Figures 3A-3B schematically illustrate examples of graduated markings on a rear bulkhead
of the laundry treating appliance of Figure 1.
Figure 4 is a schematic view of a laundry treating appliance in the form of an alternative
washing machine.
Figure 5 is a flow chart illustrating a method of operating the washing machines of
Figures 1 and 4.
[0004] Figure 1 is a schematic view of a laundry treating appliance that may implement an
embodiment of a method of the invention. The laundry treating appliance may be any
appliance which performs a cycle of operation to clean or otherwise treat items placed
therein, non-limiting examples of which include a horizontal or vertical axis clothes
washer; a combination washing machine and dryer; a dispensing dryer; a tumbling or
stationary refreshing/revitalizing machine; an extractor; a non-aqueous washing apparatus;
and a revitalizing machine.
[0005] As used herein, the term "vertical-axis" washing machine refers to a washing machine
having a rotatable drum that rotates about a generally vertical axis relative to a
surface that supports the washing machine. However, the rotational axis need not be
perfectly vertical to the surface. The drum may rotate about an axis inclined relative
to the vertical axis, with fifteen degrees of inclination being one example of the
inclination. Similar to the vertical axis washing machine, the term "horizontal-axis"
washing machine refers to a washing machine having a rotatable drum that rotates about
a generally horizontal axis relative to a surface that supports the washing machine.
The drum may rotate about the axis inclined relative to the horizontal axis, with
fifteen degrees of inclination being one example of the inclination.
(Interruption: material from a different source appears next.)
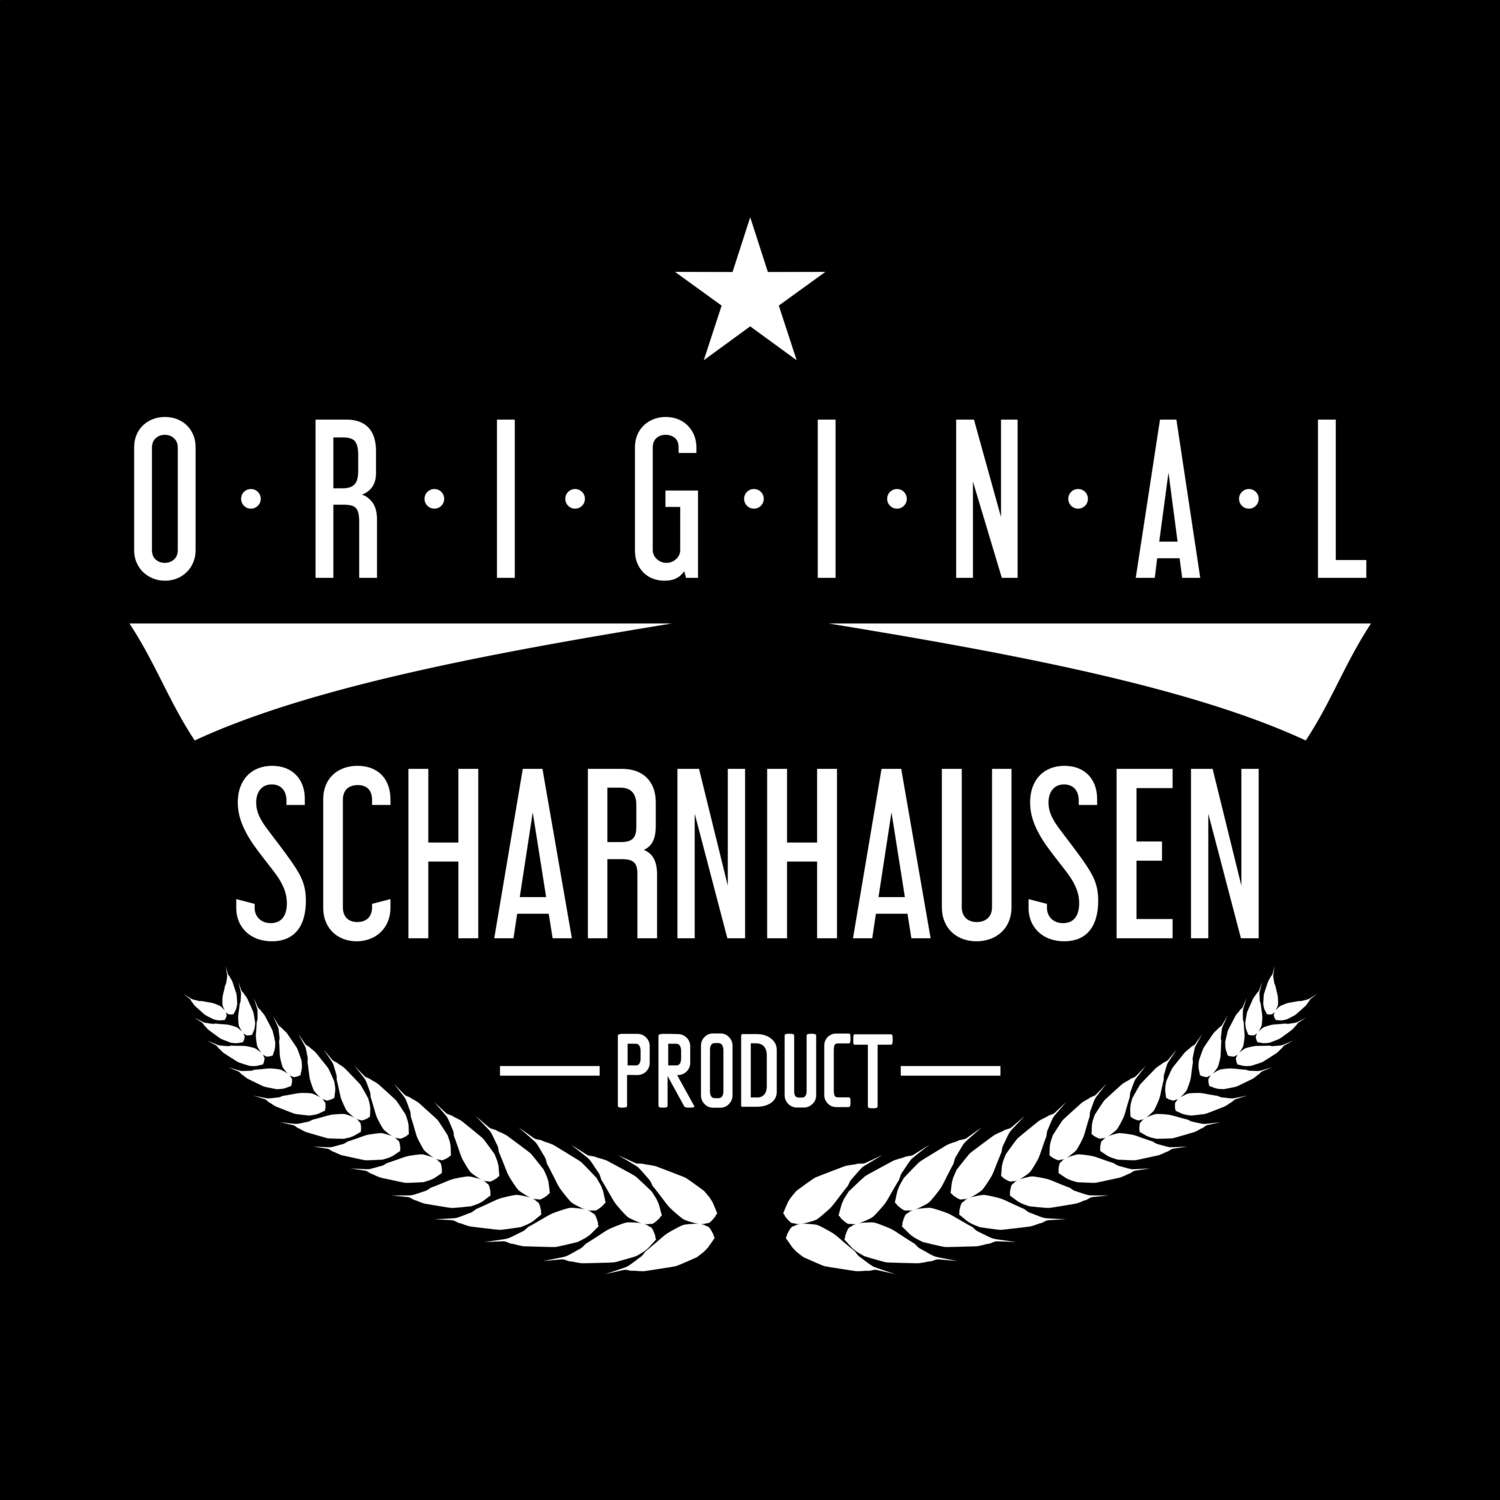 Scharnhausen T-Shirt »Original Product«
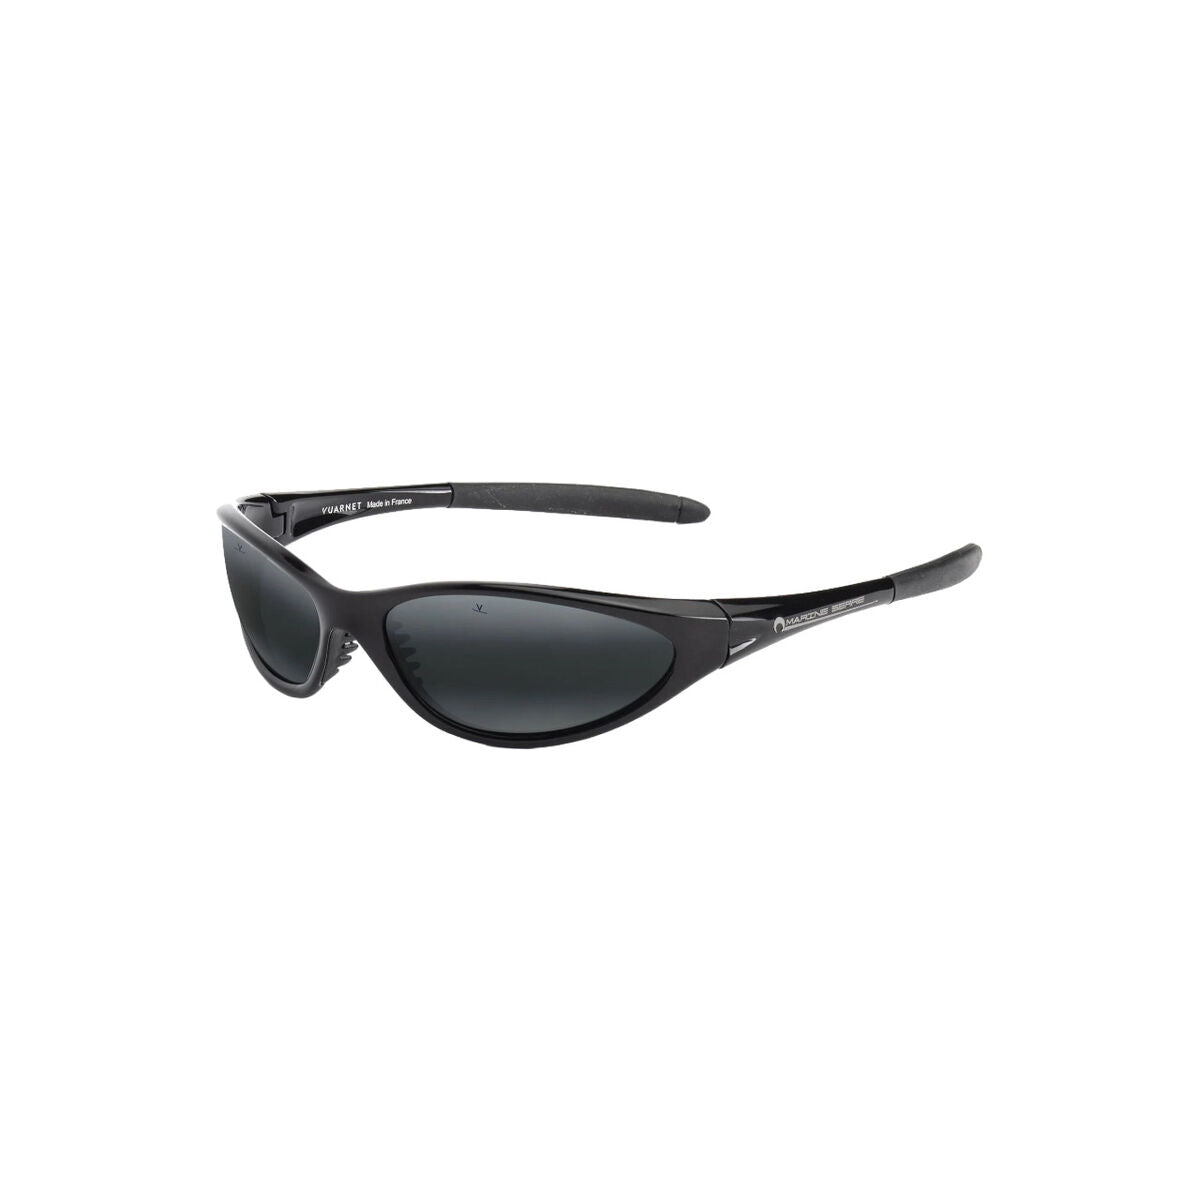 Kaufe Unisex-Sonnenbrille Vuarnet A150X001136 ø 60 mm bei AWK Flagship um € 122.00

[0006] The laundry treating appliance of Figure 1 is illustrated as a horizontal-axis washing
machine 10, which may include a structural support system including a cabinet 12 which
defines a housing within which a laundry holding system resides. The cabinet 12 may
be a housing having a chassis and/or a frame, defining an interior enclosing components
typically found in a conventional washing machine, such as motors, pumps, fluid lines,
controls, sensors, transducers, and the like. Such components will not be described
further herein except as necessary for a complete understanding of the invention.
[0007] The laundry holding system includes a tub 14 supported within the cabinet 12 by a
suitable suspension system and a drum 16 provided within the tub 14, the drum 16 defining
at least a portion of a laundry treating chamber 18 for receiving a laundry load for
treatment. The drum 16 may include a plurality of perforations 20 such that liquid
may flow between the tub 14 and the drum 16 through the perforations 20. Graduated
markings 21 may be included on a portion of the laundry treating chamber 18 including
on the drum 16, a rear bulkhead, a front bulkhead, a door/window, or a combination
of the above. Multiple graduated markings 21 may be included on the laundry treating
chamber 18 and any suitable type of graduated marking 21 may be included. The graduated
markings may be formed in any suitable manner including that the graduated markings
21 may have a reflectance or a specific color to allow them to stand out better from
the laundry treating chamber 18 and any laundry located therein. The graduated markings
may be any suitable shape including lines, curves, etc. It is also contemplated that
the plurality of perforations 20 may also form the graduated markings 21.
[0008] A plurality of baffles 22 may be disposed on an inner surface of the drum 16 to lift
the laundry load received in the treating chamber 18 while the drum 16 rotates. It
may also be within the scope of the invention for the laundry holding system to include
only a tub with the tub defining the laundry treating chamber.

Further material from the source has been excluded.